“Drop it, I say!” said the colonel, peremptorily. They heard a gritting of teeth from behind the mask as the duke closed the razor and dropped it on the floor. Still covering his accomplice, the colonel put his foot on the weapon. “Thanks, old chap!” he said, pleasantly. At that very moment he could have capitalized the gratitude of the ten prisoners at many thousands.

“Fool!” came in a husky whisper.

“Oh, now! I say!”

“What's the difference between twenty years in the pen and twenty seconds in the electric chair? I myself prefer the chair. But I'd rather cut their throats and keep out of danger. I tell you, it's tempting Providence to leave these men—”

“Is it as much as twenty years, old fellow?” queried the colonel, obviously perturbed.

The duke nodded.

“I say, gentlemen, I don't want to stay twenty years indoors, you know. Really, it's not a pleasant thought. What? If I give you your lives you must not take away my liberty.
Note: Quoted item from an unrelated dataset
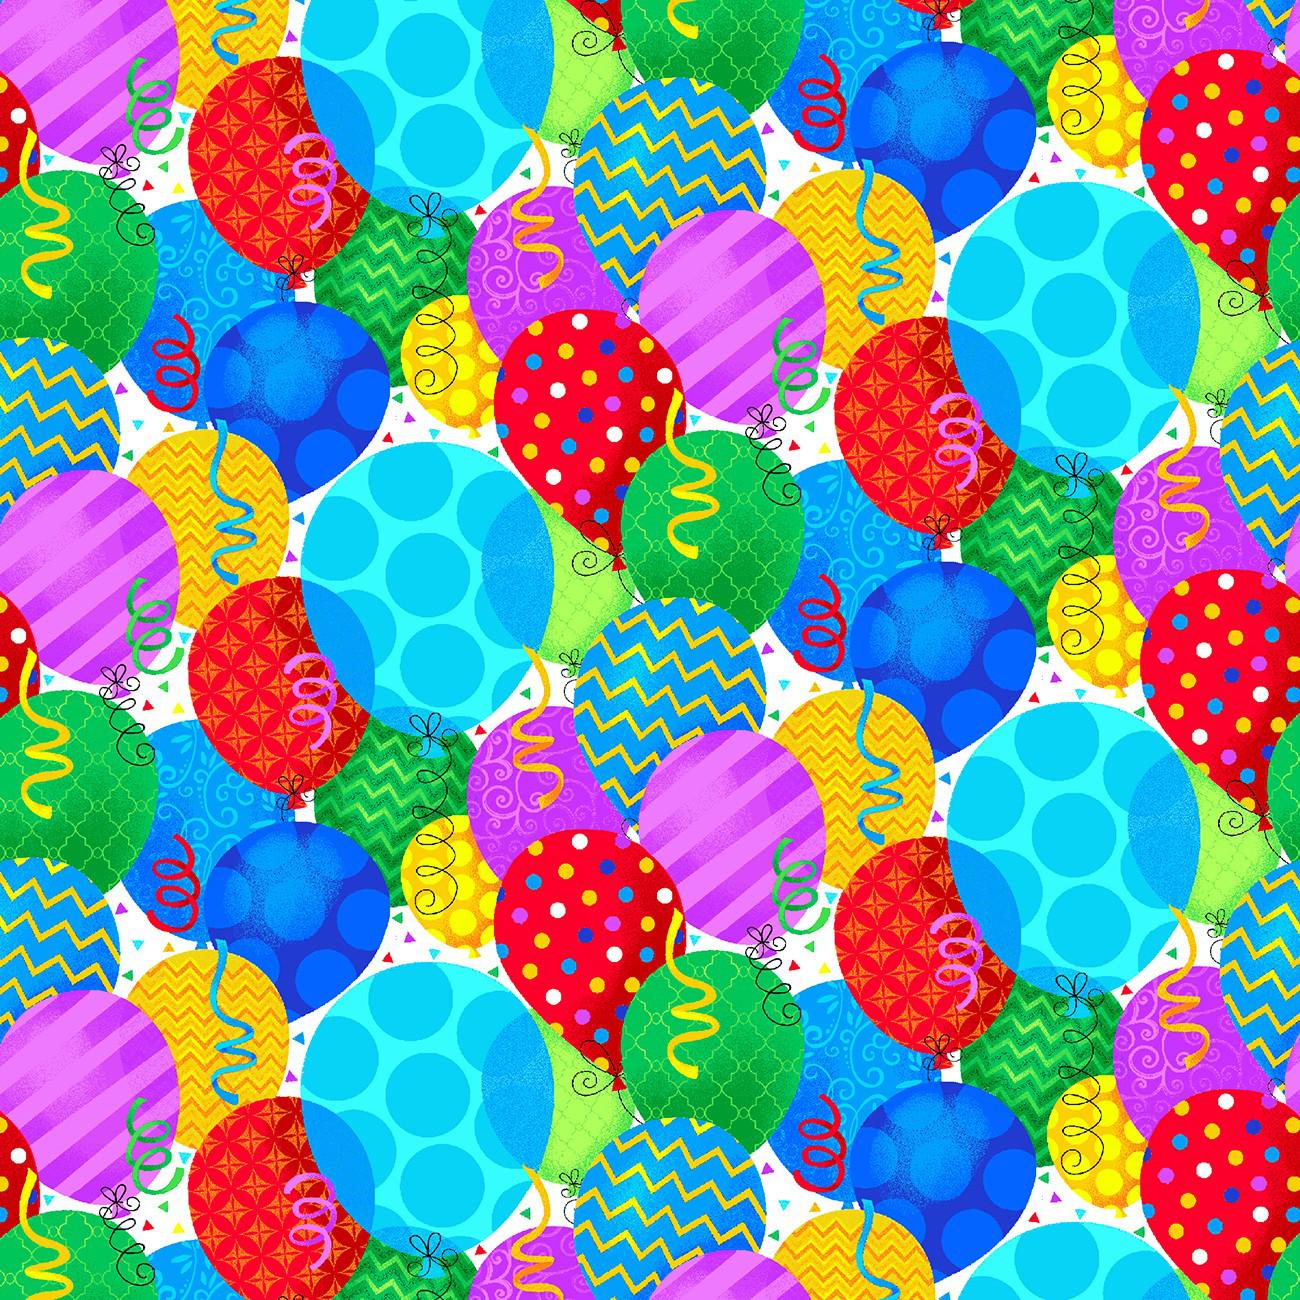 Cranston balloon fabric/material  Balloons, Fabric material, Fabric

So I will go out now and leave you here with my friend, unless you promise not to tell the police anything that will serve as a clue and yourselves do nothing to harm us. If you will act like gentlemen I'll undertake to prevent my friend here from severing your respective jugulars. Nod for 'Yes' and shake your heads for 'No.' Promise not to talk?”

Ten heads nodded vehemently.

“Come, old chap; you must take their words. Gentlemen, you will be released this evening without fail. We must have time to leave New York. Avoid the reporters as you would the plague. It would not be wise to publish the facts! Think of it—the heads of the great firms! In parting from you, gentlemen, I wish to thank you in behalf of the Plunder Recovery Syndicate, to the success of whose operations you have in this instance so generously contributed. Gratitude surely is not incompatible with business methods. Gentleman, again I say, Thank you kindly, and— why not?—au revoir!

And that was the last the captives saw of the man who, on behalf of the Plunder Recovery Syndicate, had reduced the holdings of pearls and trinkets of New York's most famous jewelers by a trifle over one million dollars' worth.